■ GIVEN INFORMATION
#####

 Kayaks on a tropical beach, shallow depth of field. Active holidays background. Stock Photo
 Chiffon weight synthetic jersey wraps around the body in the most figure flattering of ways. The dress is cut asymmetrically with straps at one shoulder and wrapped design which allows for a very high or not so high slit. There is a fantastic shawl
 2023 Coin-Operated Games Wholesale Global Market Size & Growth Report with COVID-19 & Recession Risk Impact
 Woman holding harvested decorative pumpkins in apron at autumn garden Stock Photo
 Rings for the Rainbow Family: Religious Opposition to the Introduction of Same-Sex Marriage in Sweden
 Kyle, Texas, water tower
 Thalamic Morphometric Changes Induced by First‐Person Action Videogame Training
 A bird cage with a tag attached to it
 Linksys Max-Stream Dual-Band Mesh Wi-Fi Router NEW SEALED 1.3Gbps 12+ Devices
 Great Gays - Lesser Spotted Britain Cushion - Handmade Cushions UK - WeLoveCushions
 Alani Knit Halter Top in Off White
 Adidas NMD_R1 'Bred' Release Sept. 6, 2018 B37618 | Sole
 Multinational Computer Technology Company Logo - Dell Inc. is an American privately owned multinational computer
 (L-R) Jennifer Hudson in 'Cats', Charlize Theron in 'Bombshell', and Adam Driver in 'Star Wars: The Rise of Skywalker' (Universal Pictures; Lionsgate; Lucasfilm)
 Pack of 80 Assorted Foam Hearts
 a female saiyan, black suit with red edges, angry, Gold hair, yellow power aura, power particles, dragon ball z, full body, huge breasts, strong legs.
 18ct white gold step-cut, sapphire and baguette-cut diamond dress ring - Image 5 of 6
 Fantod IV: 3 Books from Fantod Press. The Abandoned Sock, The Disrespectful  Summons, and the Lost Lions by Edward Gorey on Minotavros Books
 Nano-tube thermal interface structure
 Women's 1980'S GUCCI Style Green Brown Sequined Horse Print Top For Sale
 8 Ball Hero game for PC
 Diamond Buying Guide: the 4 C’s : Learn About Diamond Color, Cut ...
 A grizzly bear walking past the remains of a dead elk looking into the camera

#####

■ PROBLEM TO SOLVE
Begin at the first line of the records above and quote every line verbatim through the one that contains "A bird cage with a tag attached to it".

■ YOUR SOLUTION
 Kayaks on a tropical beach, shallow depth of field. Active holidays background. Stock Photo
 Chiffon weight synthetic jersey wraps around the body in the most figure flattering of ways. The dress is cut asymmetrically with straps at one shoulder and wrapped design which allows for a very high or not so high slit. There is a fantastic shawl
 2023 Coin-Operated Games Wholesale Global Market Size & Growth Report with COVID-19 & Recession Risk Impact
 Woman holding harvested decorative pumpkins in apron at autumn garden Stock Photo
 Rings for the Rainbow Family: Religious Opposition to the Introduction of Same-Sex Marriage in Sweden
 Kyle, Texas, water tower
 Thalamic Morphometric Changes Induced by First‐Person Action Videogame Training
 A bird cage with a tag attached to it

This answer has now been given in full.